STONY BROOK, NY, May 26, 2021 – The accuracy of weather forecasting decreases with each additional day of forecasting and is limited in accuracy at two weeks. Now a new study published in Nature Communications and led by Hyemi Kim, PhD, Associate Professor in the School of Marine and Atmospheric Sciences (SoMAS) at Stony Brook University, highlights a way to improve weather forecasts beyond two weeks by using machine learning.
Accurate weather forecasting has become increasingly important to society because of its socioeconomic value due to globalization, trade, travel, and the needs of policymakers and others such as risk managers. Reliable forecasts for weather conditions three-to-four weeks away (called the subseasonal range) can provide vital information about hazardous weather threats such as floods and heat waves.

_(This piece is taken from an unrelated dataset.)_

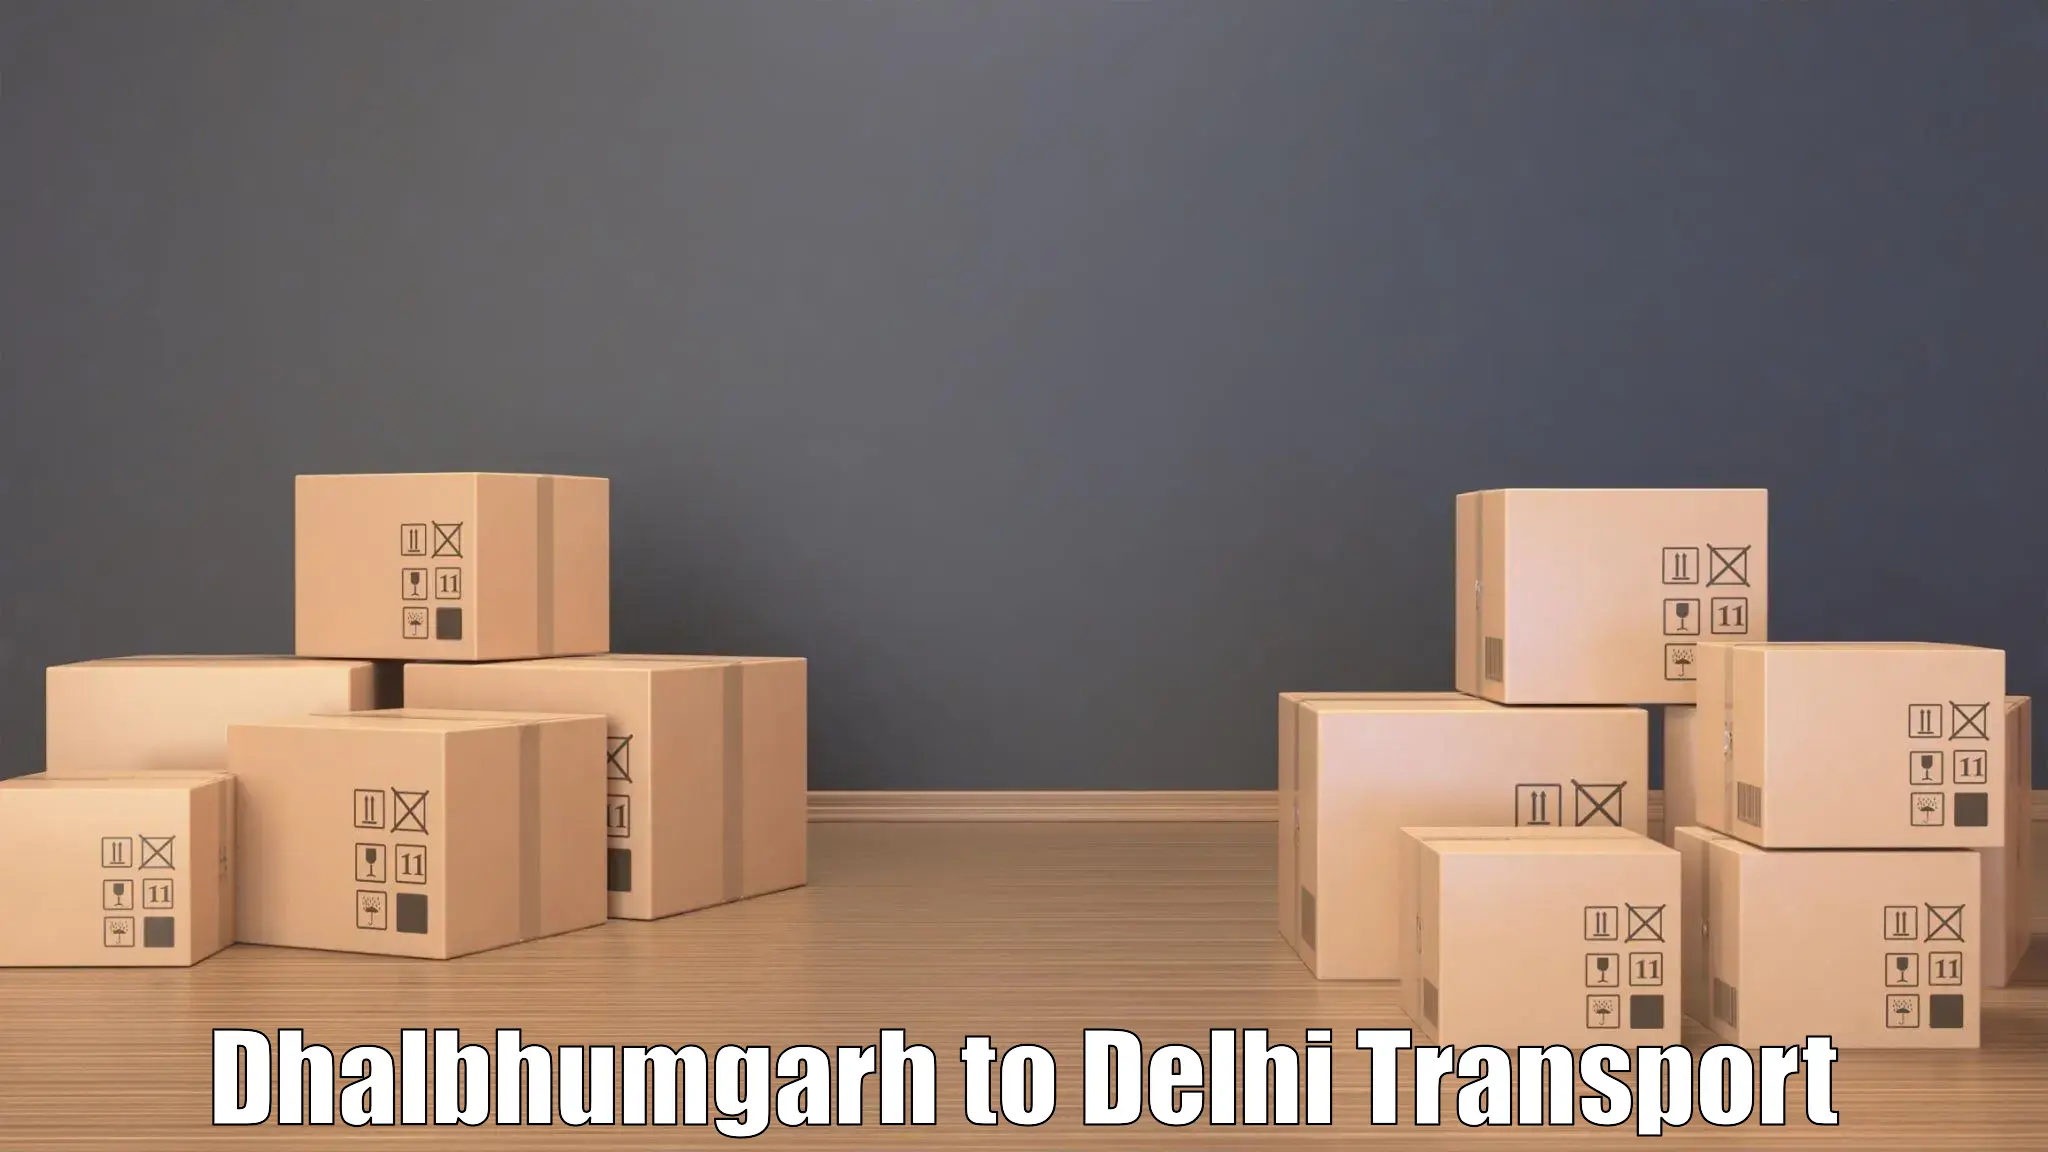 Transportation solution services Dhalbhumgarh to IIT Delhi
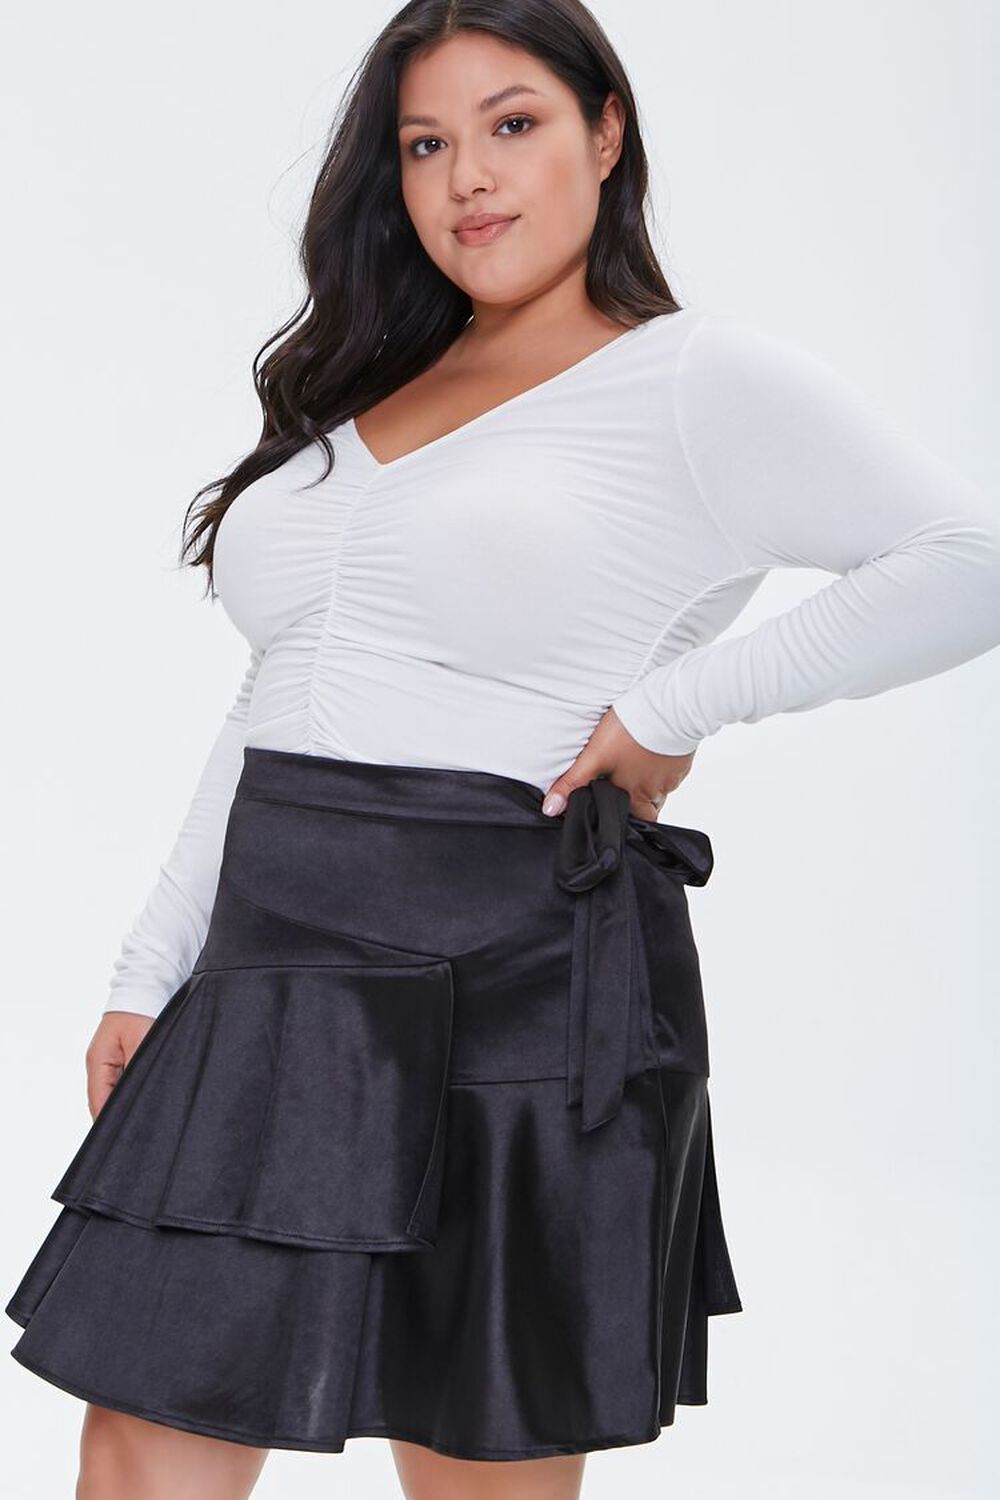 BLACK Plus Size Satin Ruffle Mini Skirt, image 1

Professor Kim and colleagues focused on a phenomenon known as the Madden-Julian oscillation (MJO), a belt of thunderstorms that starts over the equatorial tropical Indian Ocean and moves slowly eastward toward the central Pacific Ocean, in a repetitious manner each year every 40 to 50 days. Scientists have used MJO as a key tool for three-to-four-week weather forecasting. However, computer modeling has not been able to simulate all aspects of MJO and therefore extended-range forecasts based on MJO information has a larger margin of error.
The team combined state-of-the-art weather forecast models and observations with a machine learning process (a Deep Learning bias correction using all of the data) to forecast the MJO. With this Deep Learning bias correction, forecast errors in the MJO averaged over four weeks reduced by 80~90 percent.
Professor Kim explains that computer models used for forecasting lose accuracy significantly when models try to reproduce MJO that crosses the Maritime Continent and moves eastward. Because of this, more model biases occur and predictions for global weather beyond two weeks becomes difficult.
“Our study demonstrates that machine learning substantially reduces the MJO forecast errors from models, and this will help improve global extended range forecasts,” says Professor Kim. “Because we created a simple approach with machine learning, this method can be implemented into operational forecasts that are currently used for two-week weather forecasting and longer.”
The researchers plan to apply their machine learning technique to test ways to improve forecasts of extreme weather events, such as hurricanes or heat waves in New York.
The research was supported in part by the National Science Foundation (grant AGS-1652289).